Figure 7 shows a comparison between $(B P 1)$ and IRELAND in terms of objective value (a) and runtime (b) for noisy data sets. Figure 7(b) shows that, for 74 out of the 118 data sets, $(B P 1)$ required more than four hours of runtime. For another 25 data sets, no solution was found at all as the system ran out of memory; hence, these data sets were assigned an objective value of 1.0 and a runtime of four hours. For those data sets in which $(B P 1)$ did find a solution within the set time limit, Figure 7 shows that, for most data sets IRELAND outperformed $(B P 1)$ .

Figure 7. Comparison of the Performance of $(B P 1)$ vs. IRELAND on Data Sets with Noise in Terms of Normalized Objective Function Value (a) and Runtime (b) in Seconds
*Notes*. Each dot represents a data set, for which the normalized objective value and the runtime of $(B P 1)$ are shown on the horizontal axis and the normalized objective value and runtime of IRELAND are shown on the vertical axis. The dashed line indicates equal performance between the methods.

Figures 8 and 9 show histograms of the number of data sets for which IRELAND outperformed $(B P 1), (B P 1)$ outperformed IRELAND, or performance was similar in terms of objective and runtime, respectively, separated by number of samples N, of features J, and of AND clauses K. Similar to the noiseless setting, the histograms show that, for $N \leq 500$ , IRELAND often but not always outperforms $(B P 1)$ in terms of objective values and runtimes, whereas for $N \geq 1, 000$ , the main purpose of this work, IRELAND always outperforms $(B P 1)$ . Figures 8–10 show that IRELAND outperforms $(B P 1)$ when either N or J is large.
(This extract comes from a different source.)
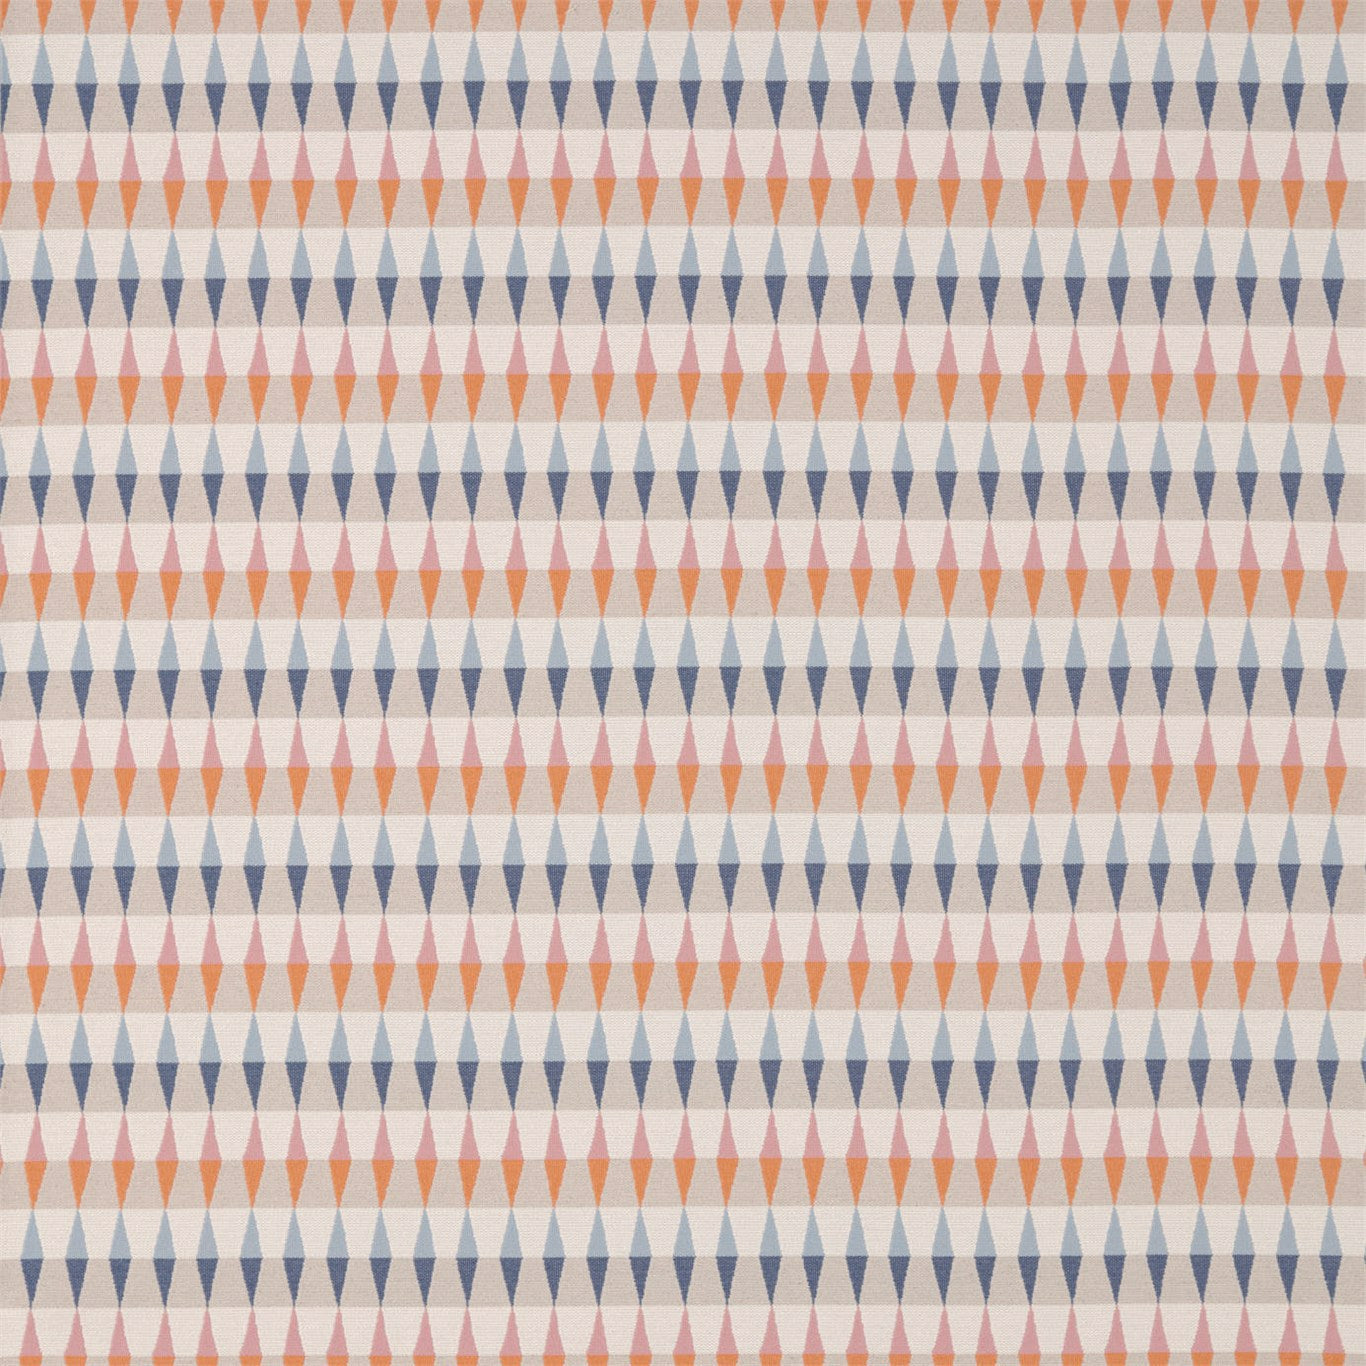 Ampico Fabric by Harlequin - HVIS132093 - Tangerine/Sky/Nude

Figure 8. Histograms of the Number of Data Sets (with Noise) for Which $(B P 1)$ Has a Better Objective Value Than IRELAND (Black), the Objective Values Do Not Differ by More Than 0.005 (Dark Gray), and IRELAND Has a Better Objective Function Value Than $(B P 1)$ (Light Gray), Split per N, J, and K
*Note*. The results corresponding to a single value for N, J, or K are averaged over all combinations of the other two parameters.

Figure 9. Histograms of the Number of Data Sets (with Noise) for Which $(B P 1)$ Has a Better Runtime Than IRELAND (Black), the Runtimes Do Not Differ by More Than 30 Seconds (Dark Gray), and IRELAND Has a Better Runtime Than $(B P 1)$ (Light Gray), Split per N, J, and K
*Note*. The results corresponding to a single value for N, J, or K are averaged over all combinations of the other two parameters.

Figure 10. Histograms of the Number of Data Sets (with Noise) for Which $(B P 1)$ Has a Better Objective Value (a) or Runtime (b) Than IRELAND (Black), the Objective Values (a) or Runtimes (b) Do Not Differ by More Than 30 Seconds (Dark Gray), and IRELAND Has a Better Objective Value (a) or Runtime (b) Than $(B P 1)$ (Light Gray), Split by N < 1,000 vs. $N \geq 1, 000$ and by $J \leq 1, 000$ vs. J > 1,000
*Note*. The results are aggregated over all values of K.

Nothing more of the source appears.